Some of the crew jokingly refers to the ship’s main lab as the ‘meat locker’ due to the low temperatures needed to maintain the integrity of samples collected and stored by several groups who study the microbial food web. Scenes there include bundled up scientists among rows of tables with latched down filtration systems, microscopes, imagers, monitors and countless other scientific tools.
The floats used for NAAMES are definitely not your average float. In fact, they sink. But depending on the type of float used and depth they sink to, they return to the surface within two to six hours with data on the vertical structure of the ocean, salinity, pressure, light, chlorophyll, oxygen and more. These important bits of data are key to understanding phytoplankton growth and decline.
Using an Iridium Antenna, the floats can be powered and tracked.
“It’s basically like AT&T for satellites,” said Nils Haëntjens, an oceanography student from the University of Maine, as he began testing and calibrating the floats prior to departure.
The Atlantis has planned stations that serve as research pit stops for the crew. Just before and while at each stop, they toss about three drifters out to sea. The drifters do float, but more importantly, they drift.

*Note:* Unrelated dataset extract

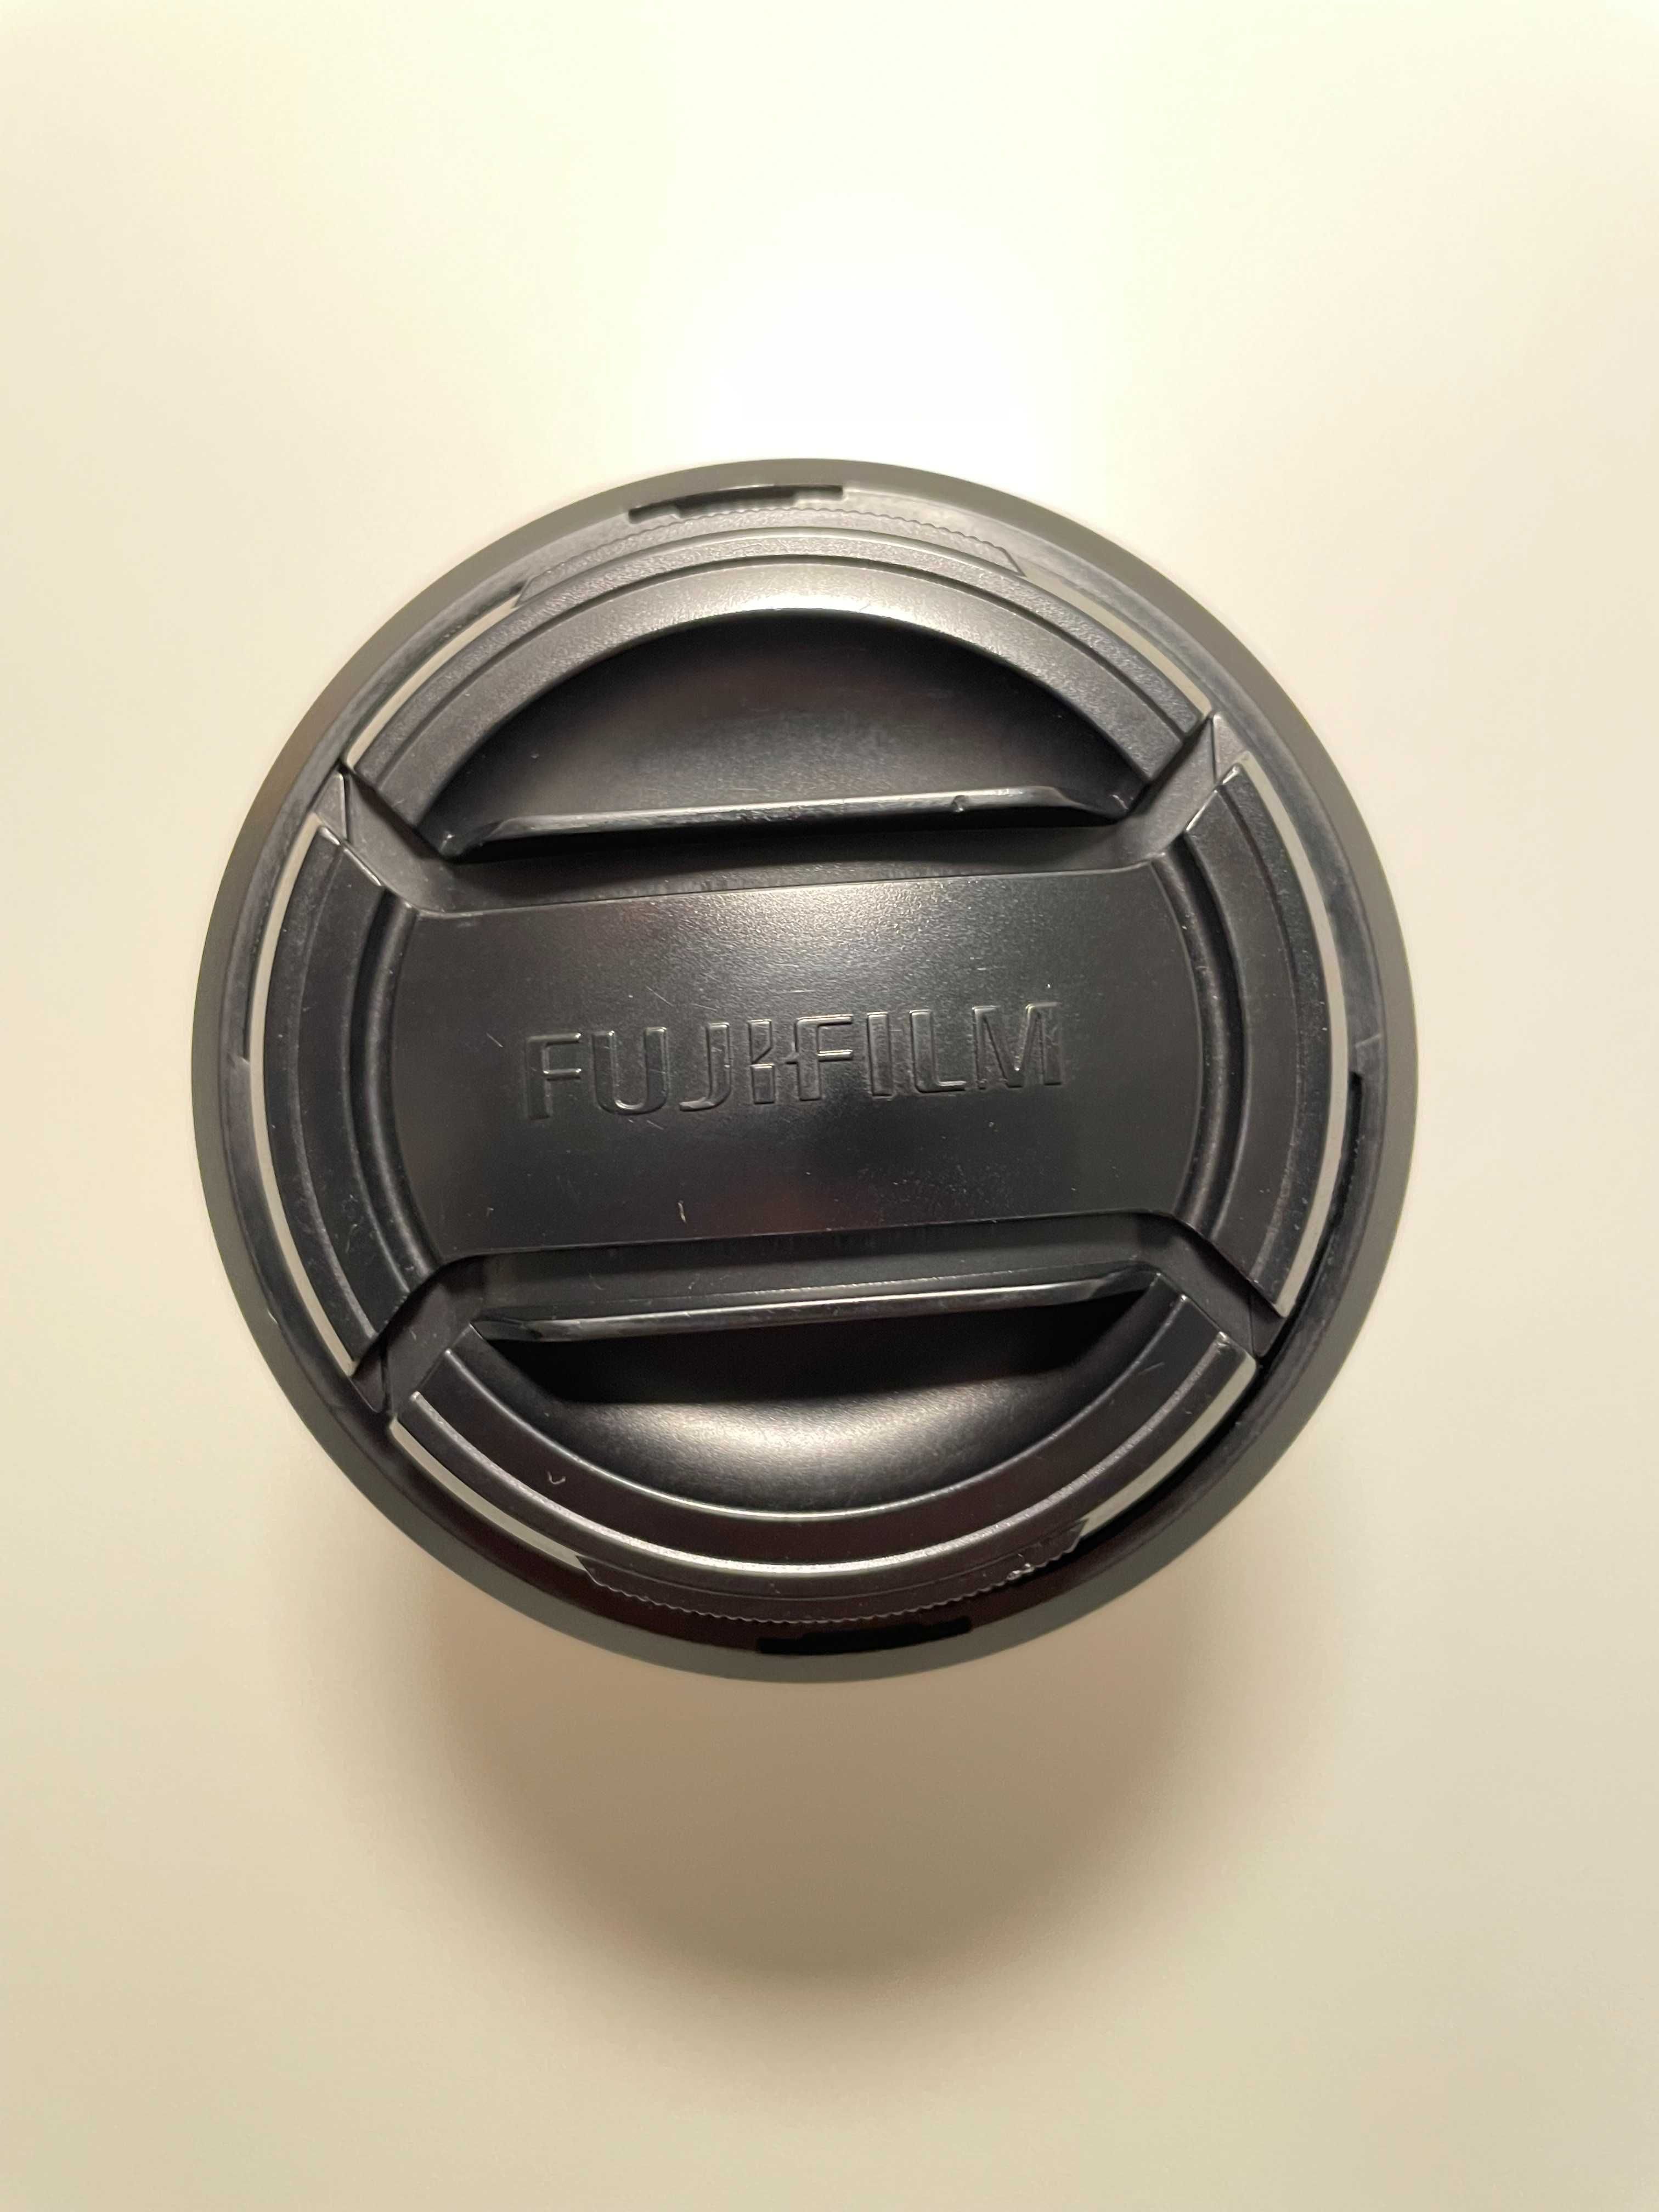 Fujifilm xf 18-55 f2.8-4

“Drifters help us to do research, because while we stay in one spot at a station, they can move about 20 miles within four days,” said Peter Gaube, research scientist from the University of Washington’s Applied Physics Laboratory.
While at sea, the Gulf Stream current carries the drifters through eddies like a skier going through moguls. There are 60 drifters aboard Atlantis and the crew will sign up for slots to toss a drifter. But first, they get to name and decorate them with paint.

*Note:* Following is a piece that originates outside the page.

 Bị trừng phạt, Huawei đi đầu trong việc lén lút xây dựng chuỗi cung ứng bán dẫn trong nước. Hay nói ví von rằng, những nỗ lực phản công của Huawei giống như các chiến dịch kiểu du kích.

The drifters track changes in the physics of the water over time, providing a snapshot of water properties back to the ship. And often times, they continue to provide this data long after the ship has returned to port.
The sensors on the drifters serve as tiny breadcrumbs for NASA’s C-130 as it flies over the North Atlantic to eventually fly over the Atlantis. The drifters report current positions that allow the aircraft to measure the same locations as the ship.
From space, satellites play an integral role in measuring what’s over the plane. From 20,000 to 30,000 feet in the air, the aircraft validates down-looking measurements from space. And the Atlantis and its full suite of measurements provide ground, or ocean, truth to aircraft and space measurements.
Other instruments aboard Atlantis study ocean optics, atmospheric aerosols, cloud condensation, dissolved organic carbon, cell characterization, growth rates, species composition and predation, grazing and mortality of plankton.
The combined ship-airborne measurement strategy used by NAAMES makes a critical contribution to the ocean ecosystem scientific record by capturing the full range of scales of the plankton ecosystem.